Vector Quantile Regression on Manifolds
This work addresses a gap in statistical methods for analyzing data on non-Euclidean domains, such as spheres and tori, which is incremental as it builds on existing quantile regression and optimal transport theory.
The paper tackles the problem of extending quantile regression to multivariate distributions on manifolds, which is underexplored despite applications in fields like climate science and protein analysis, by proposing a method that defines conditional vector quantile functions on manifolds and demonstrates its efficacy through experiments.
Quantile regression (QR) is a statistical tool for distribution-free estimation of conditional quantiles of a target variable given explanatory features. QR is limited by the assumption that the target distribution is univariate and defined on an Euclidean domain.

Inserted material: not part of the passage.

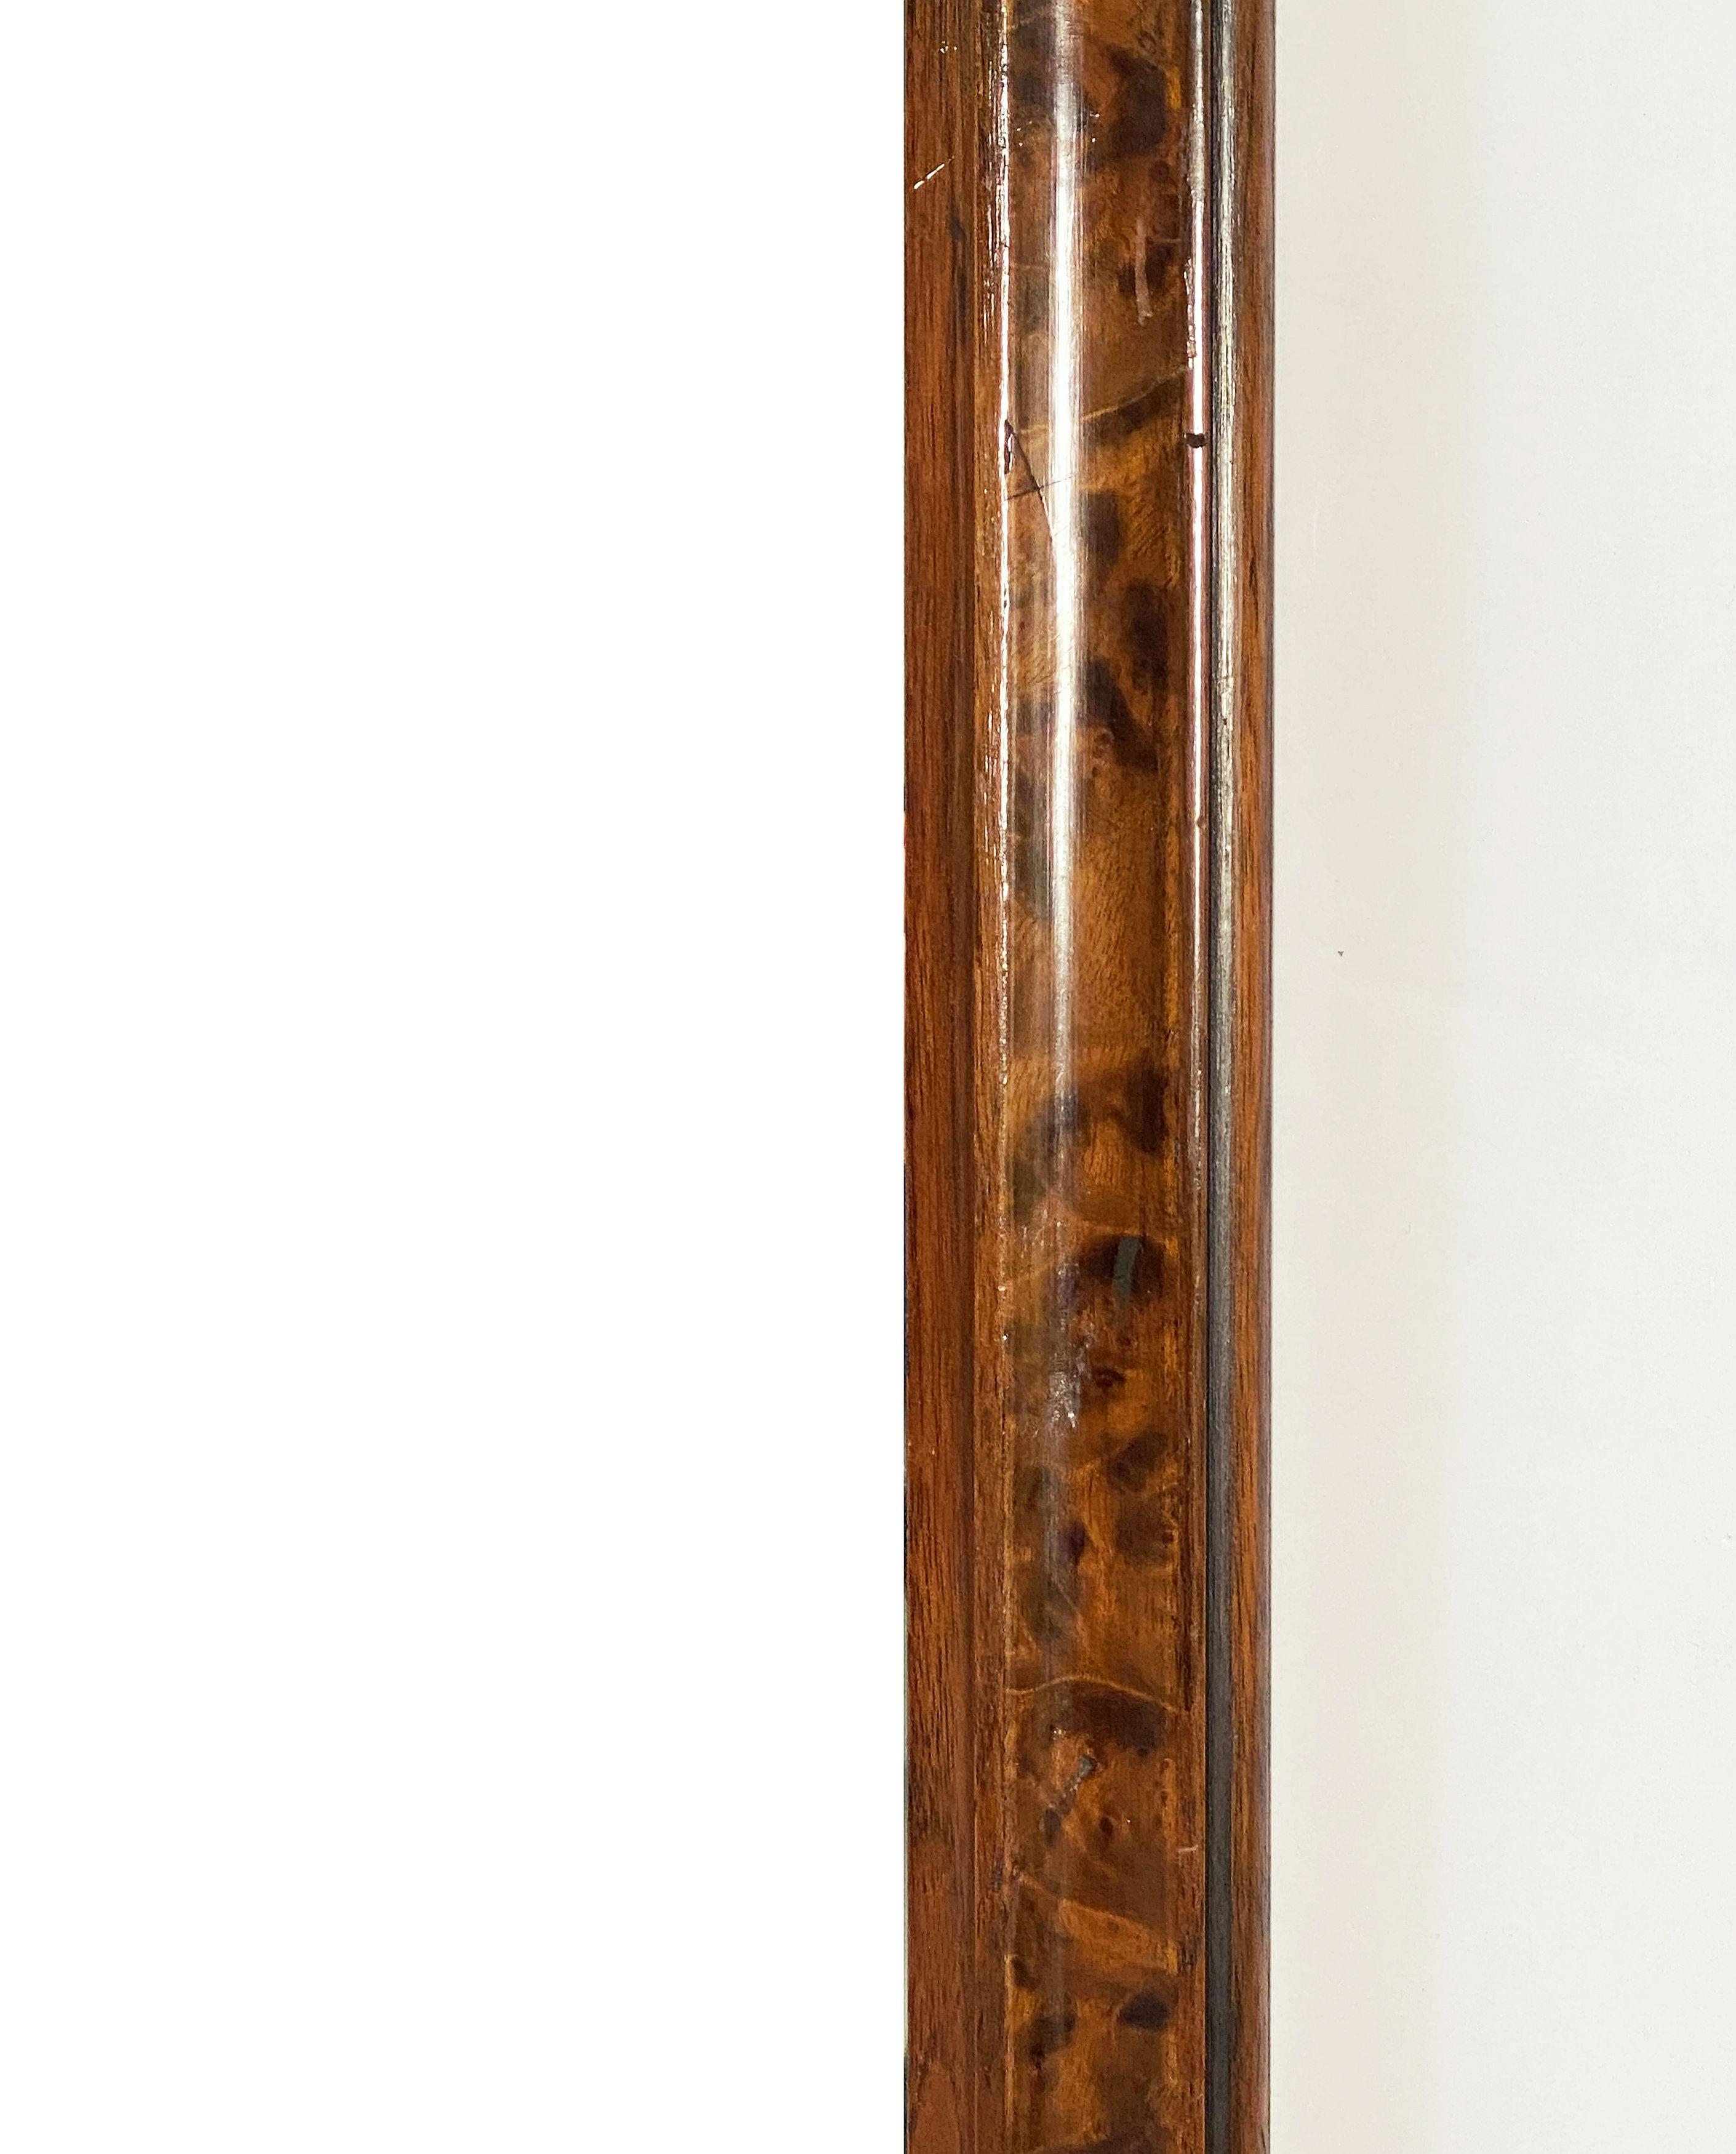 English Rectangular Mirror in Carved Frame of Walnut (H 33 3/8 x W 21) For Sale 7

Although the notion of quantiles was recently extended to multi-variate distributions, QR for multi-variate distributions on manifolds remains underexplored, even though many important applications inherently involve data distributed on, e.g., spheres (climate and geological phenomena), and tori (dihedral angles in proteins). By leveraging optimal transport theory and c-concave functions, we meaningfully define conditional vector quantile functions of high-dimensional variables on manifolds (M-CVQFs). Our approach allows for quantile estimation, regression, and computation of conditional confidence sets and likelihoods. We demonstrate the approach's efficacy and provide insights regarding the meaning of non-Euclidean quantiles through synthetic and real data experiments.